За что меня забрали? За сына, это раз. За вредную теорию, это два. Какую такую теорию? Скажу, пожалуйста. Никакая она не вредная, самая верная эта теория. Ты посмотри внимательно: кто едет здесь, в нашем вагоне? Трудящие, не считая жулья человек пять и жлобов, то есть бывших кулаков, три или четыре фигуры (Мякишев говорил «хвигуры»). Кто же посадил трудящих в тюрьму, скажи мне? Не знаешь? А я знаю. Дворяне посадили. Они, эти дворяне, хитрым манером проникли всюду, во все учреждения, пристроились на важных постах и вредят. Очень тонко вредят, заметь. Что плохо для государства, то они и проводят. Аресты, например. Ихнее это дело! Большие массы невинных людей сунули в тюрьмы, в лагеря. Советской власти вред, им, дворя-нам, польза. Я, бывший партизан и красногвардеец Мякишев, заслуженный перед Советской властью человек, попал в контры. Почему? Потому что поносил этих самых дворян. Они мне и отомстили.

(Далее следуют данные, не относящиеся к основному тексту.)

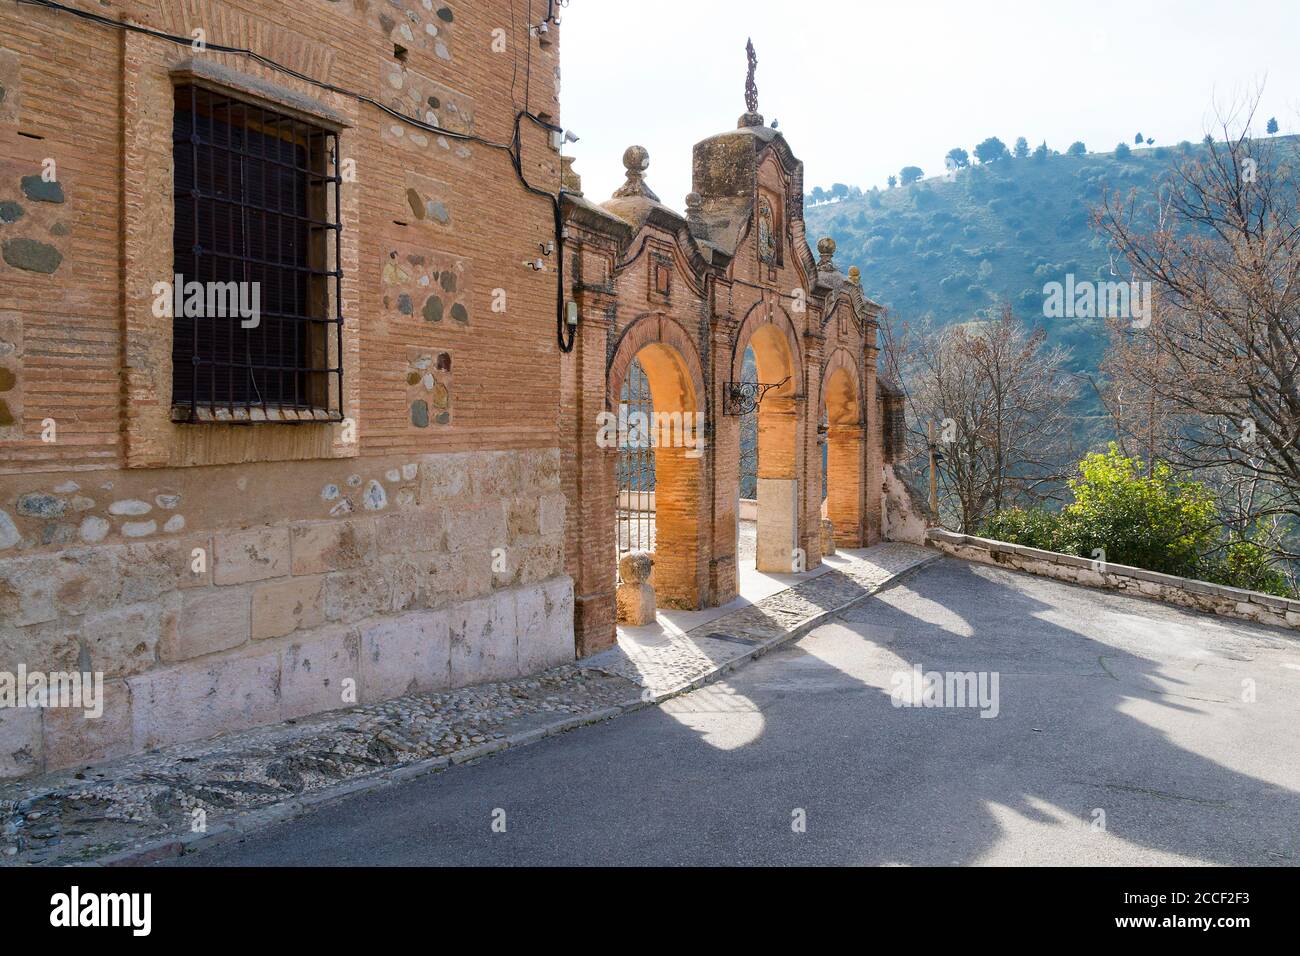 Espagne, Grenade, Sacromonte, Abadia del Sacromonte, monastère, portail Banque D'Images
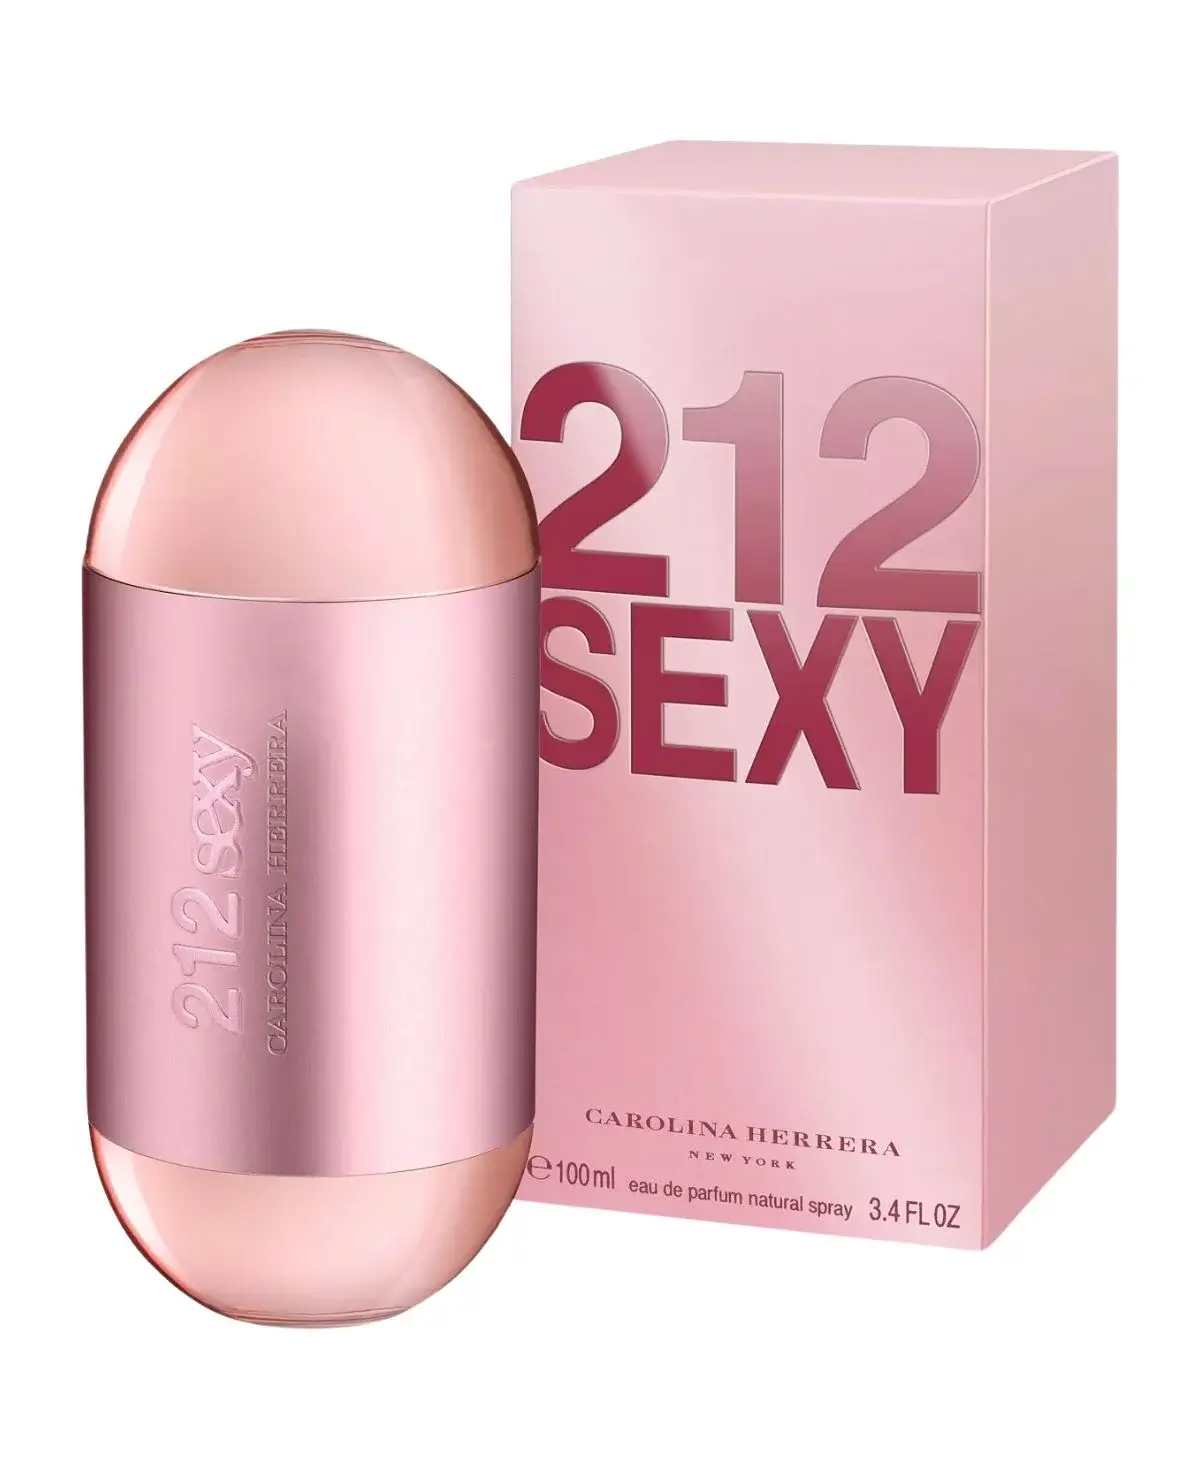 Carolina Herrera 212 Sexy for Women Eau de Parfum (EDP) Spray 3.4 oz (100 ml) 8411061865439
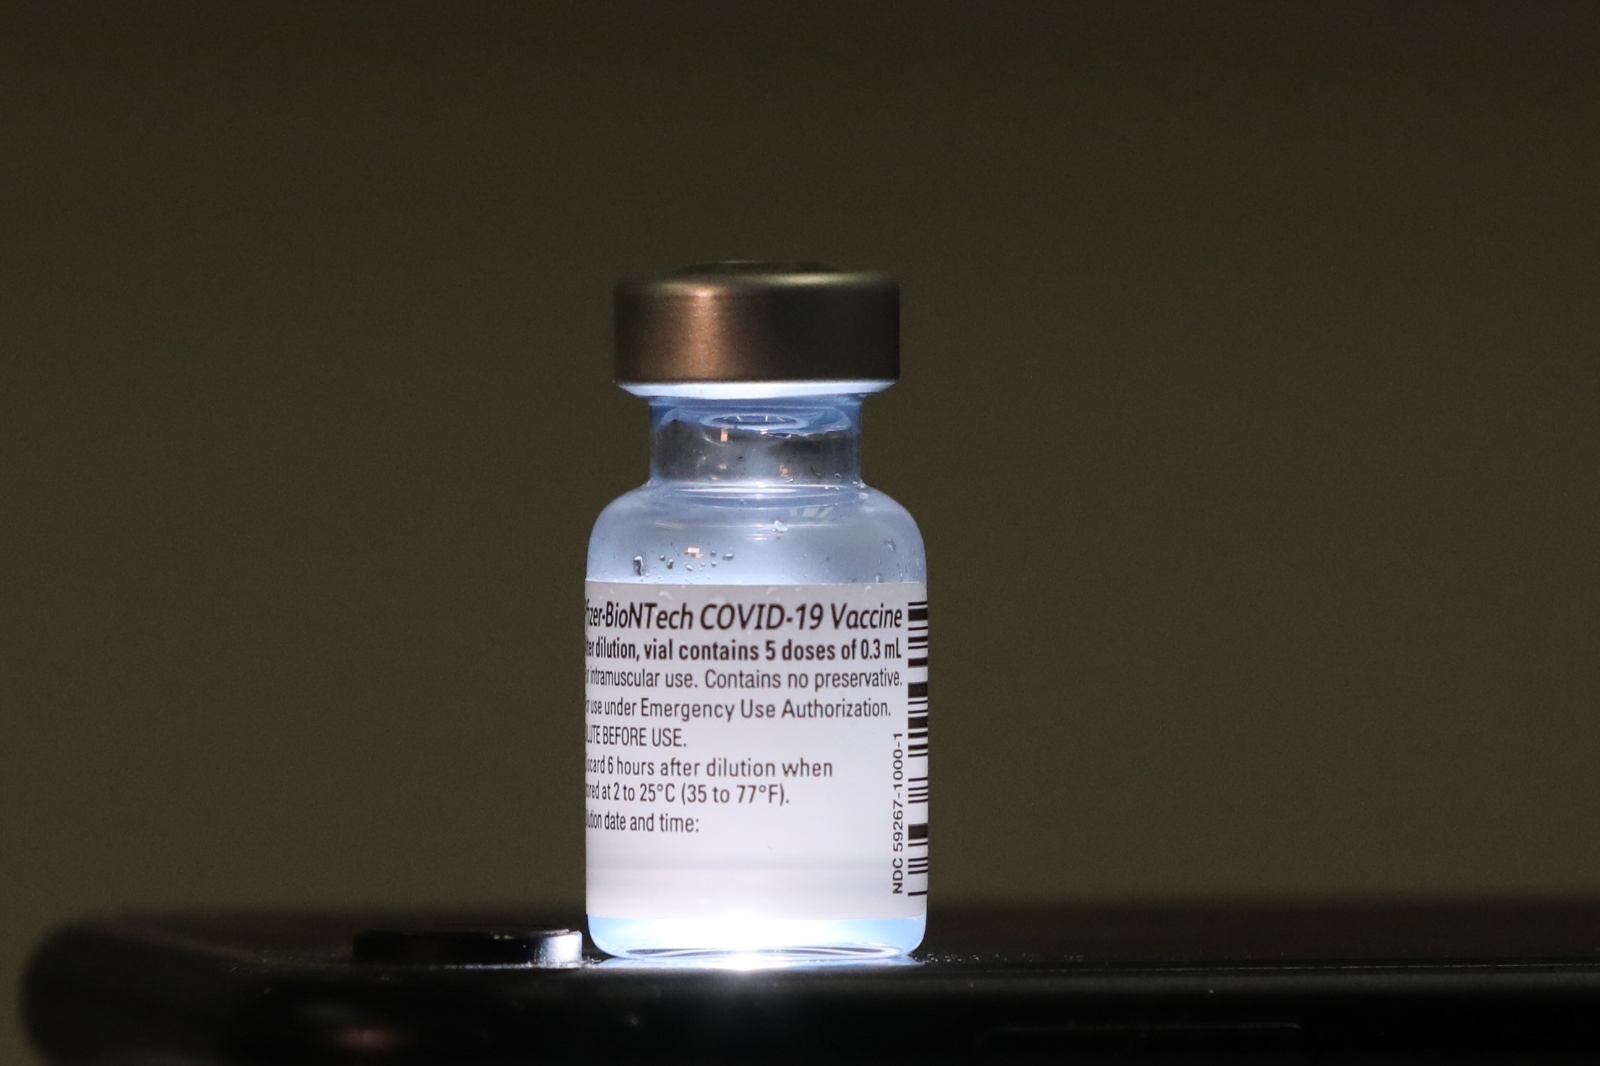 Japonya’da Pfizer-BioNTech aşısının 12 yaş ve üzeri için kullanımına onay
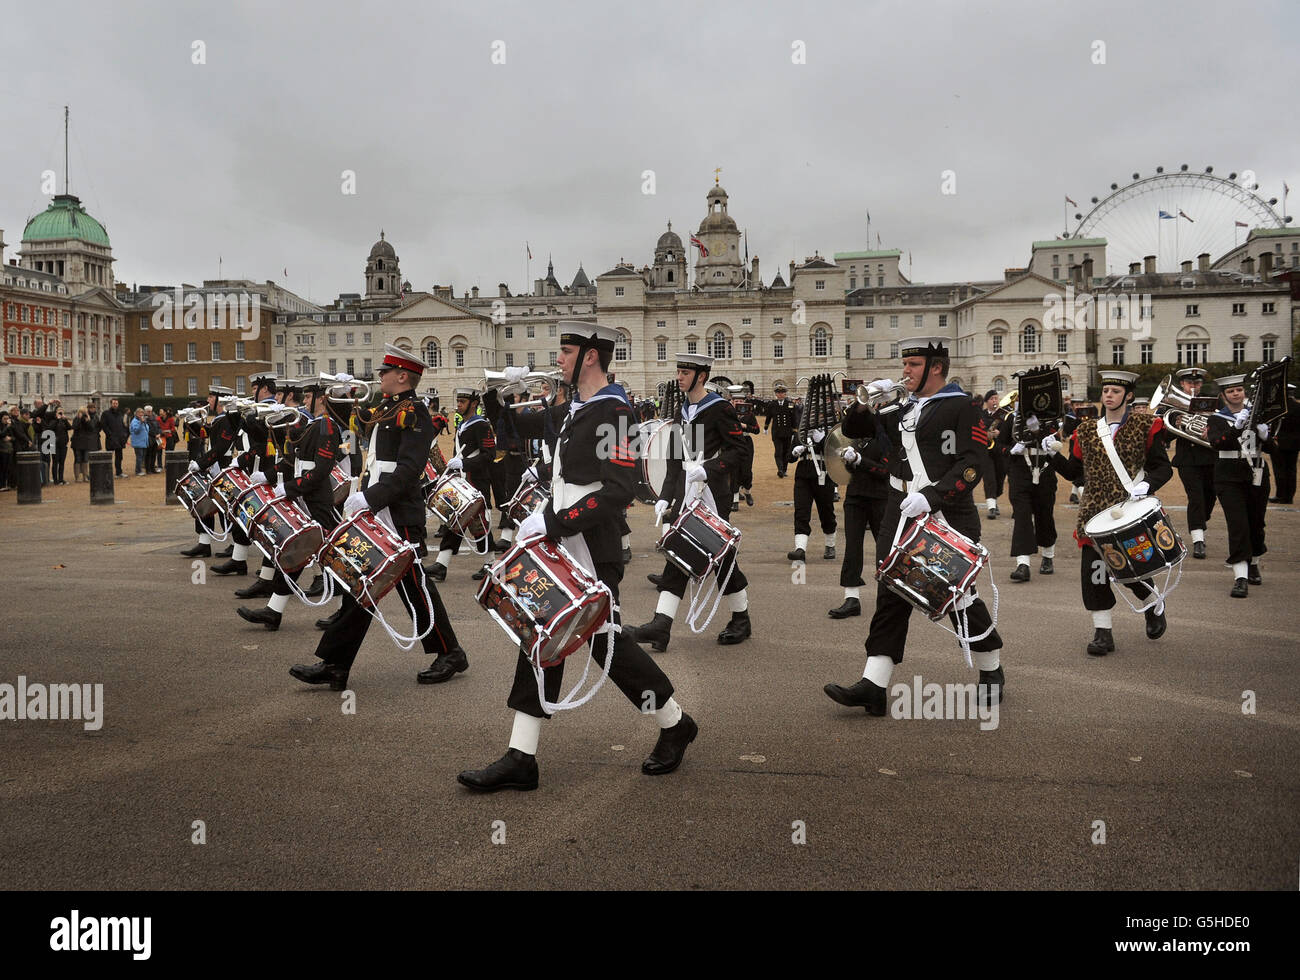 Les cadets quittent la parade des gardes à cheval tandis que les cadets de la Marine participent à une parade de la journée de Trafalgar, de la parade des gardes à cheval à Trafalgar Square à Londres. Banque D'Images

Мякишев разгорячился и громко, на весь вагон, не стесняясь, развивал свою теорию. Она позабавила обитателей вагона. «Теперь я знаю, кто меня сюда упрятал», — смеялся кто-то. Коля Бакин комично копировал деда: «Вот какие делишки, — и загибал пальцы. — Это раз, а это два».
Володя серьезно слушал и грустно усмехался.
— Неужели за смешную и нелепую теорию можно посадить человека? — спросил я.
— А чем его теория глупее той, что руководствуются наши с тобой следователи? Они тоже всюду видят притаившихся врагов.
— …Теперь слушай про сына, — рассказывал Мякишев. — Он ухаживал за одной девахой. С год, наверно, гуляли они, если не больше. Хорошая деваха, собой пригожая, из трудящей семьи потомственных ткачей. Сын мне говорит: «Бать, я надумал жениться. Как ты посмотришь?» А я уже давно посмотрел, вижу: пара. Говорю ему: согласен. Где, мол, будешь жить? У них, говорит, квартира просторнее, но я бы хотел у нас. Ладно, говорю, потеснимся.
Ее родители как будто не возражали. Парень, видят, складный, специальность хорошая — шофер. В гости нас пригласили, все чин по чину. Давайте, говорю, к Новому году и обладим свадьбу-то. Они согласны.
Все было прекрасно, и все разом поломалось. Через чего? Через то, что невеста и ее родители собрали справки и узнали, кто Мякишевы. Пусть, говорят, жених, папаша и сестра меняют профессию. Это же позор, а не профессия, засмеют знакомые, на улицу не выйдешь и на фабрику не покажешься. А мы, сам понимаешь, бросить свое занятие никак не можем, потому — квартира. Пытался невесте и родителям объяснить положение, ни в какую! Раз свою дерьмовую профессию не покидаете, забудьте наш адрес. Я погорячился, накидал им целую бочку матерщины. Сыну говорю: имей солидность, потерпи, одумаются и сами прибегут.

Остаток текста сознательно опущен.